(Extracted records)
※ ※ ※

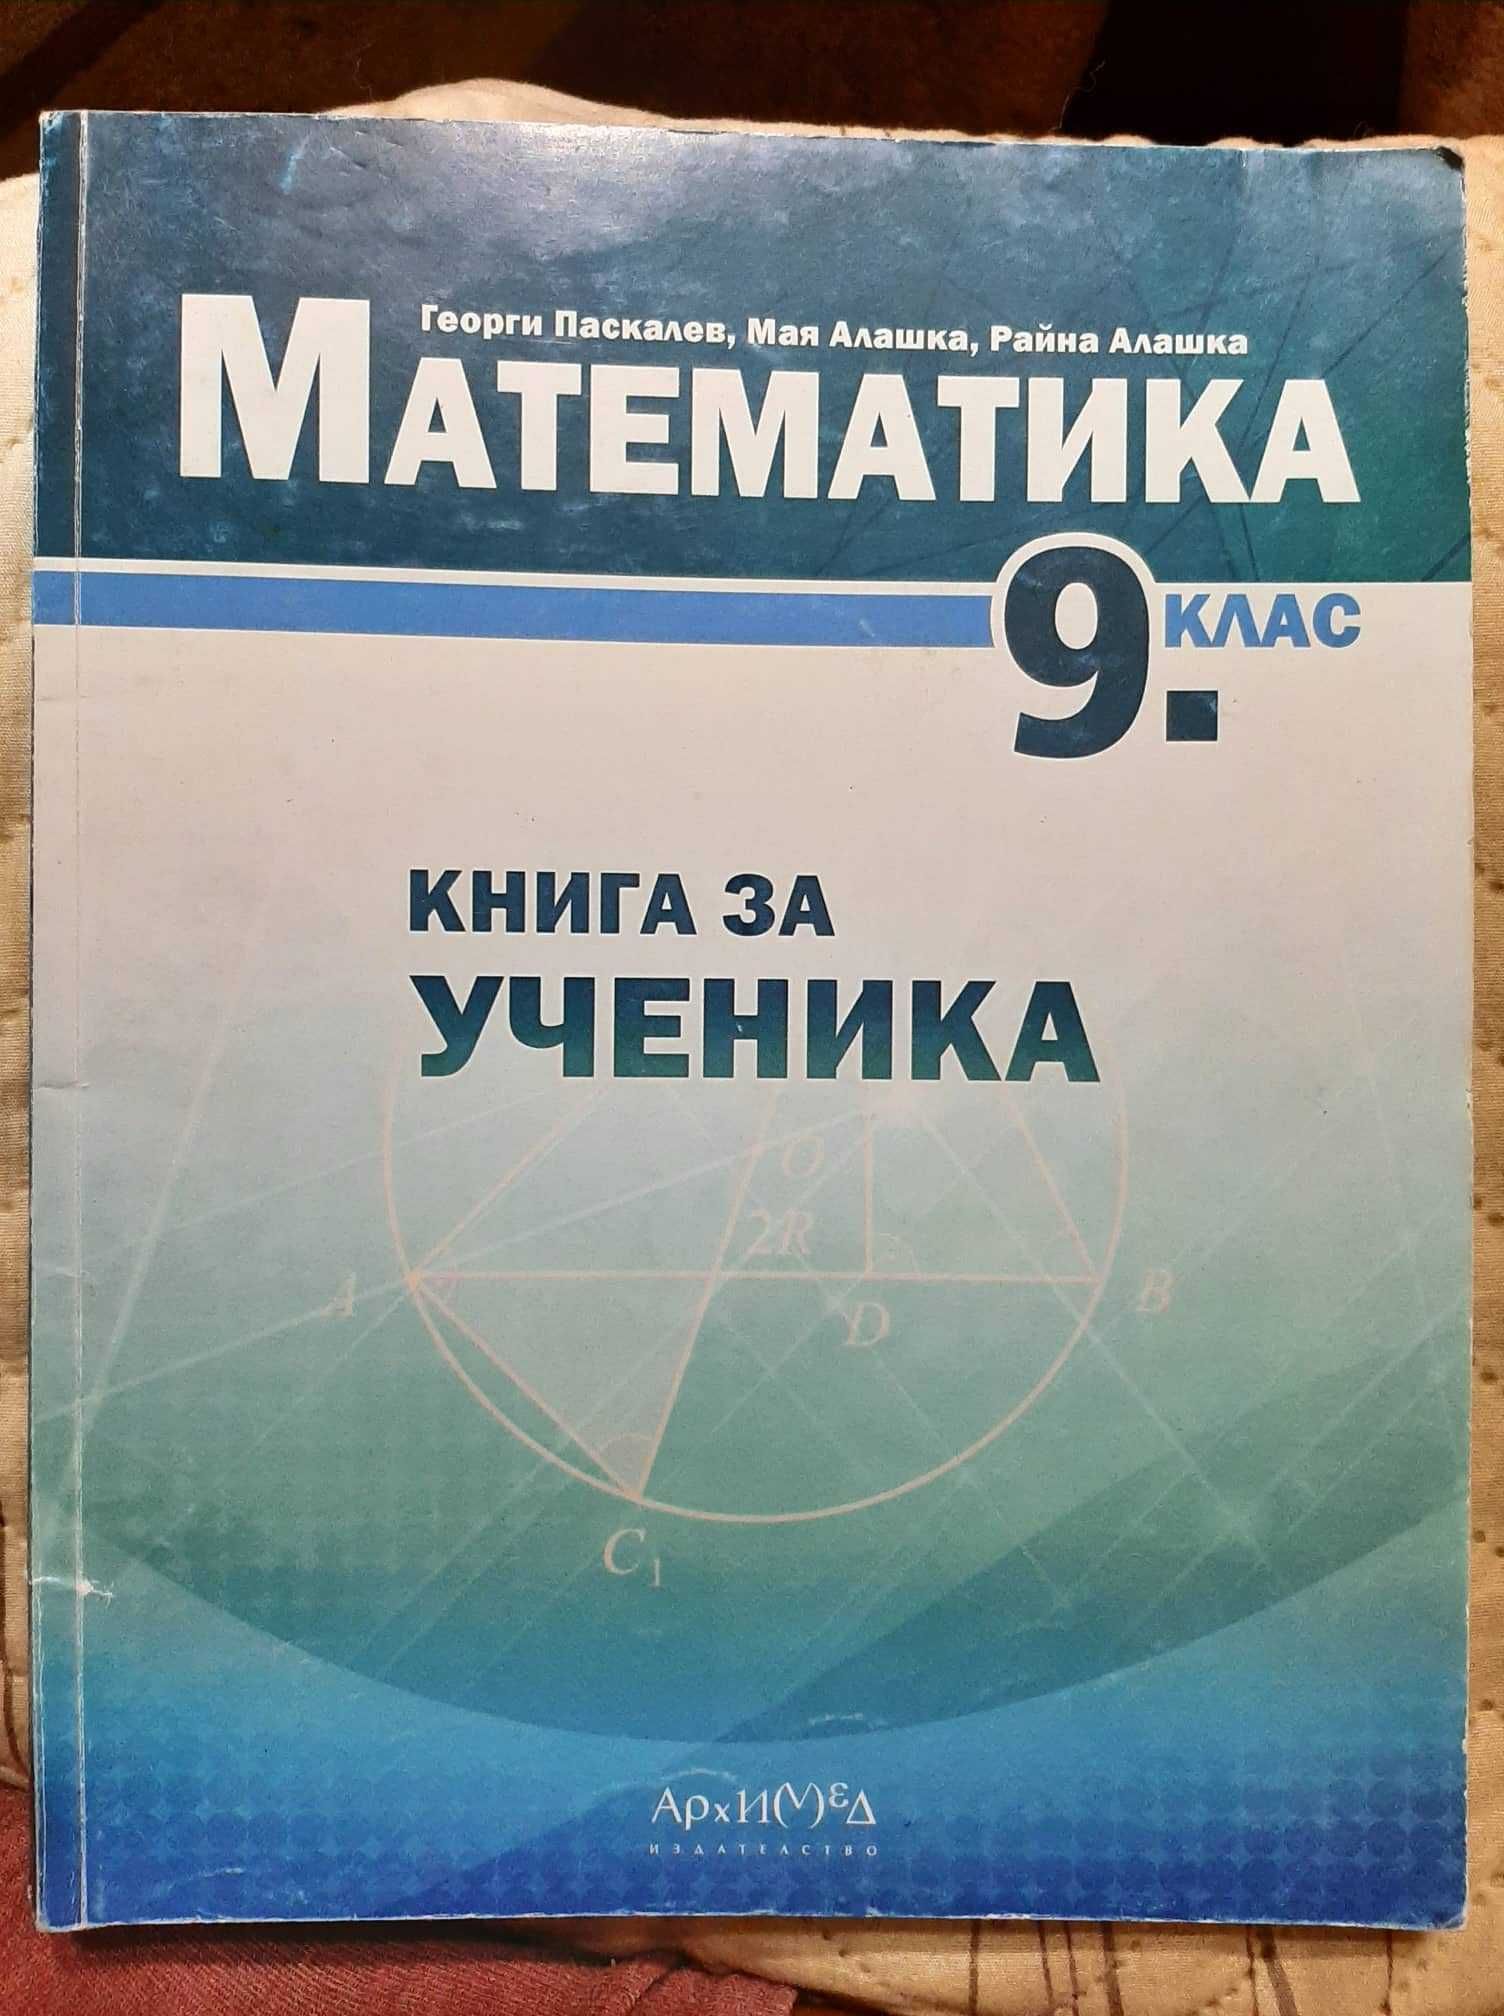 Учебници по Физика  , Химия , История  и Математика за 9 клас
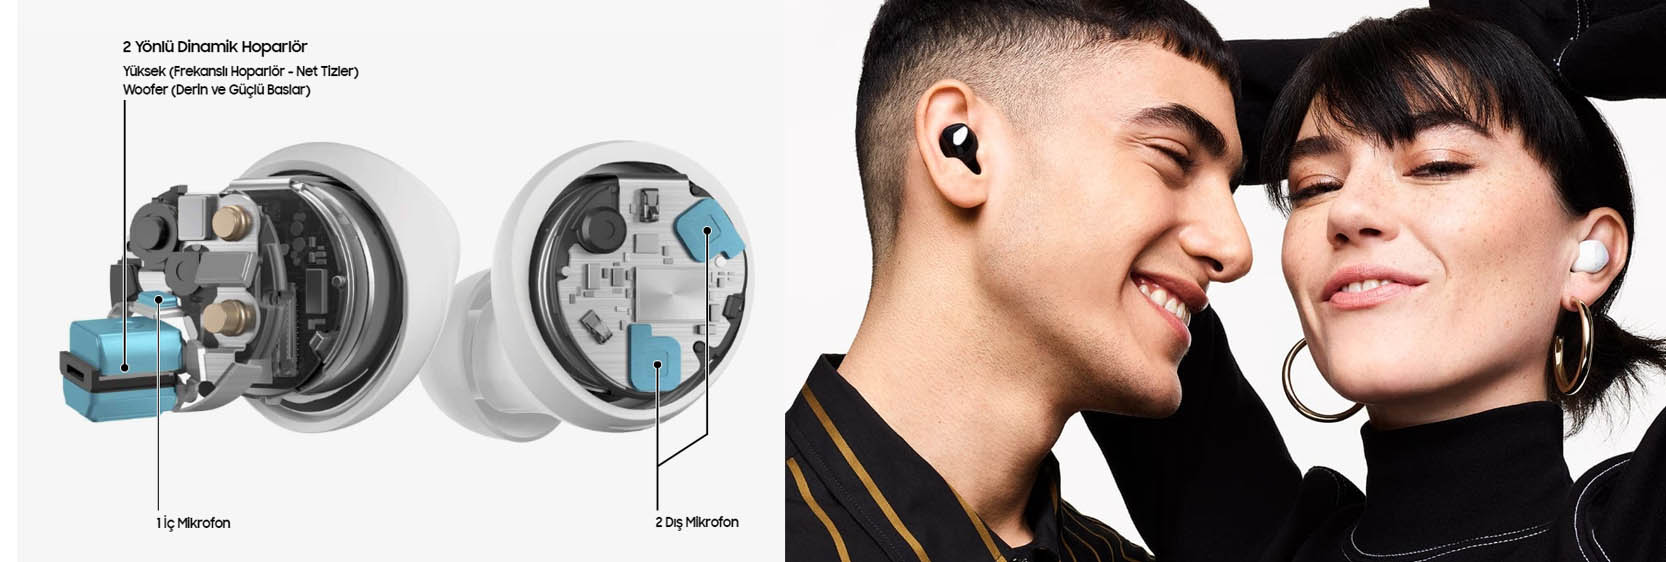 SAMSUNG GALAXY BUDS PLUS Ses deneyiminizi değiştiren kulaklık.   Karşınızda Galaxy Buds+. Zengin tizler ve derin baslarla AKG ses kalitesi sunan 2 yönlü hoparlörler, kristal netliğinde telefon görüşmeleri için uyum sağlayan 3 mikrofonlu sistem ve uzun ömürlü piliyle seçkin bir dinleme deneyimi sağlayan ilk kablosuz kulaklığımız.
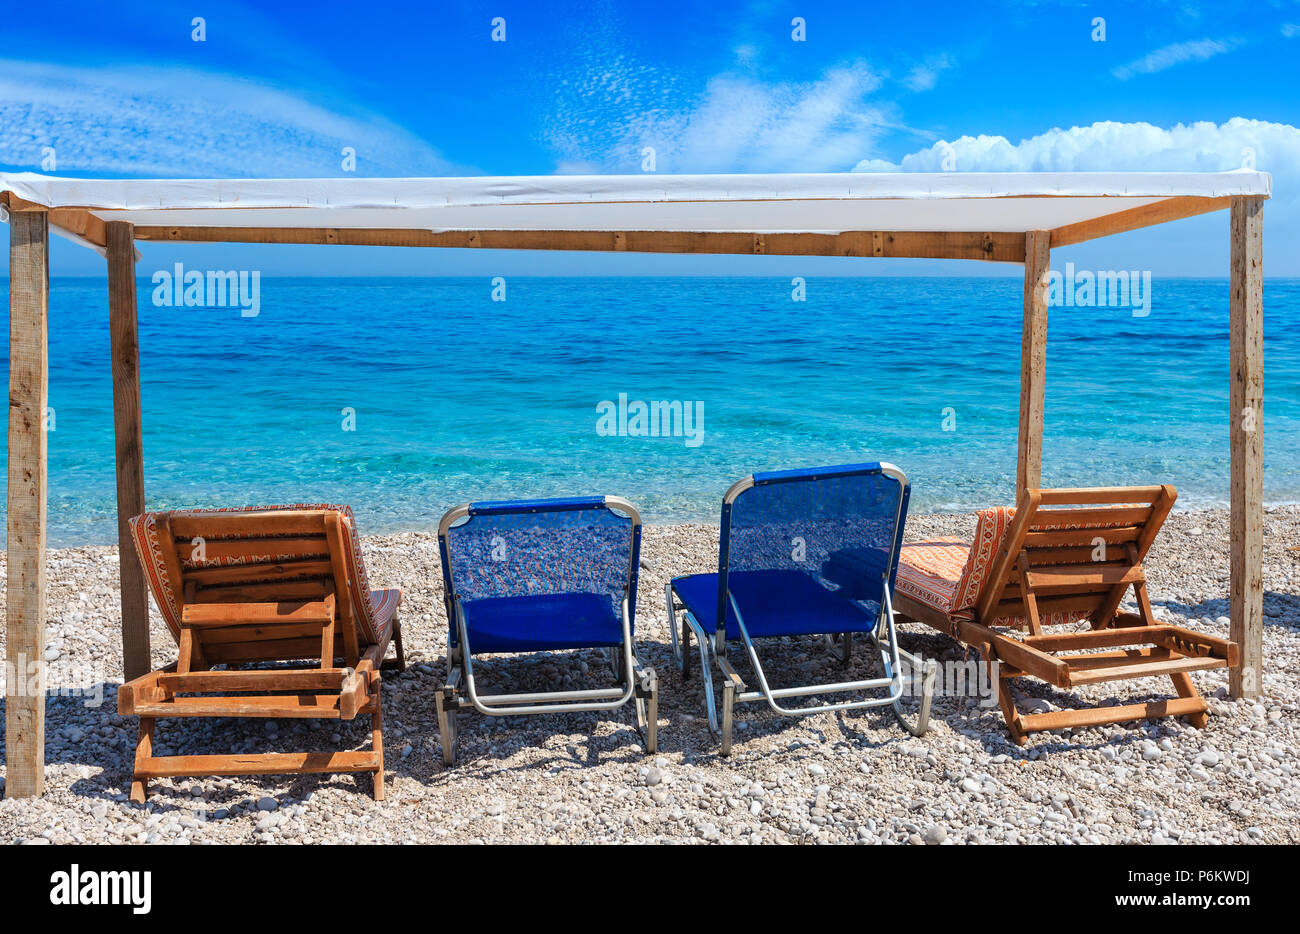 Sommer-morgen-Strand mit türkisblauem Wasser und Sonnenliegen (Albanien). Zwei Schüsse feststeppen Bild mit hoher Auflösung. Stockfoto
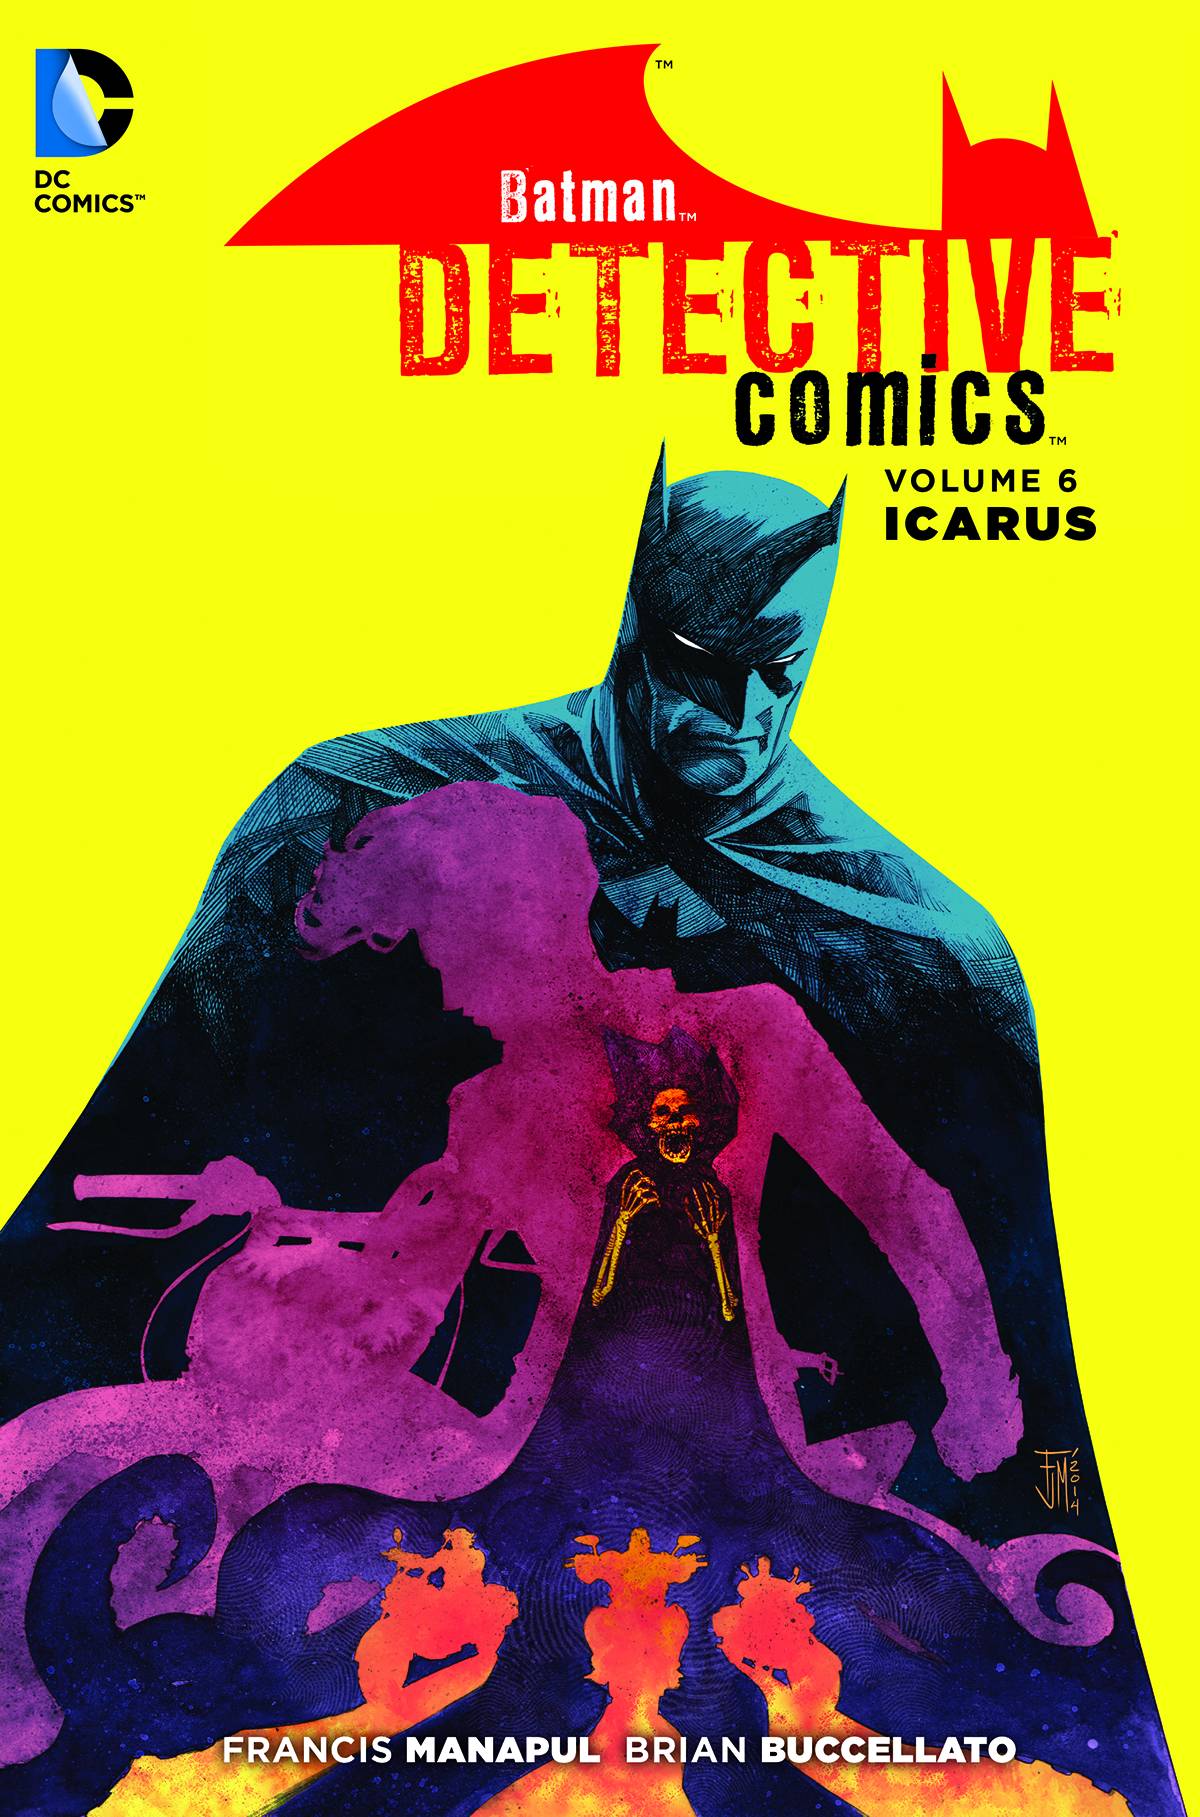 BATMAN in DETECTIVE COMICS (New 52) VOL 06: ICARUS
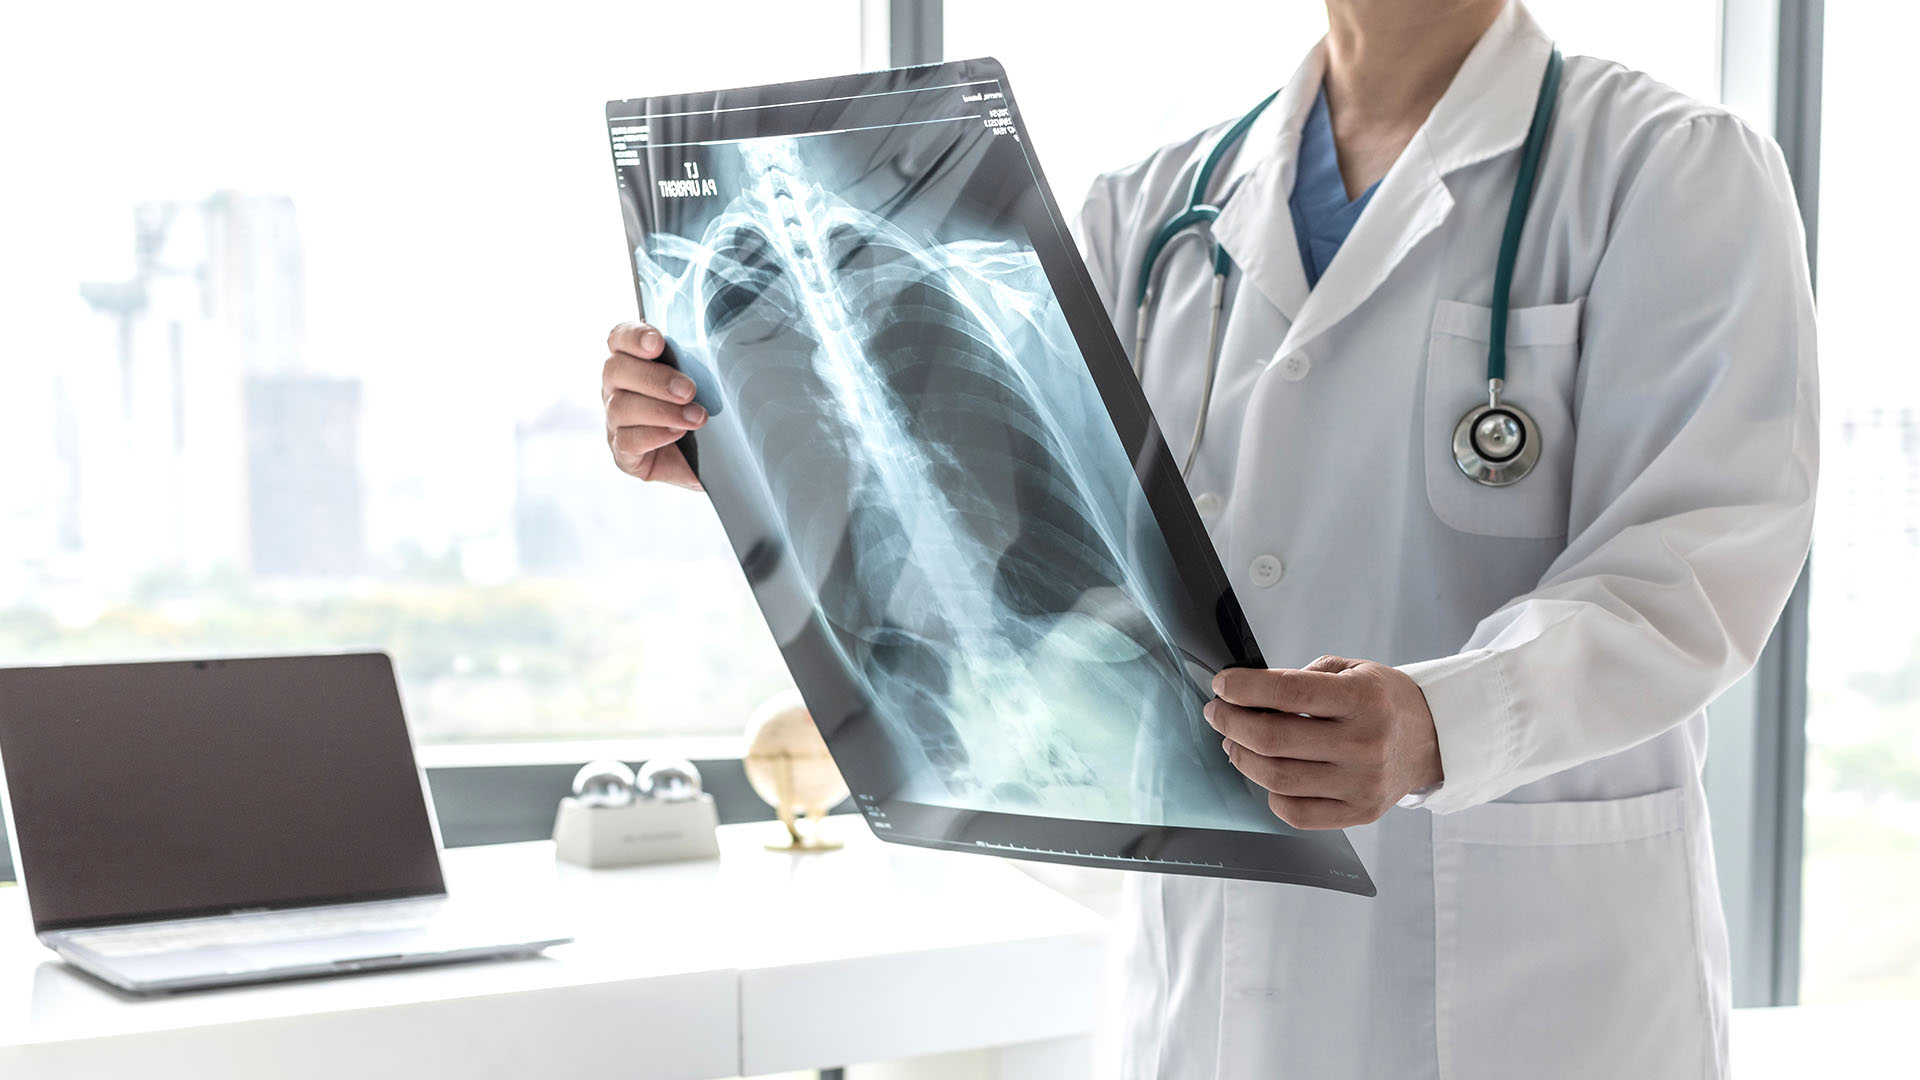 La mayor sobrevida se logra en pacientes que reciben una atención interdisciplinaria en centros especializados, con un intensivo tratamiento para sostener la función pulmonar (Shutterstock)

※ ※ ※

* _YOUR INSTRUCTIONS_:
The copy must begin at the line containing "Sommer-morgen-Strand mit türkisblauem" and end at the last line of the data above, with every line retyped exactly and no pictures included.

* _REPLY TO THE EXERCISE_:
 Sommer-morgen-Strand mit türkisblauem Wasser und Sonnenliegen (Albanien). Zwei Schüsse feststeppen Bild mit hoher Auflösung. Stockfoto
 BATMAN in DETECTIVE COMICS (New 52) VOL 06: ICARUS
 La mayor sobrevida se logra en pacientes que reciben una atención interdisciplinaria en centros especializados, con un intensivo tratamiento para sostener la función pulmonar (Shutterstock)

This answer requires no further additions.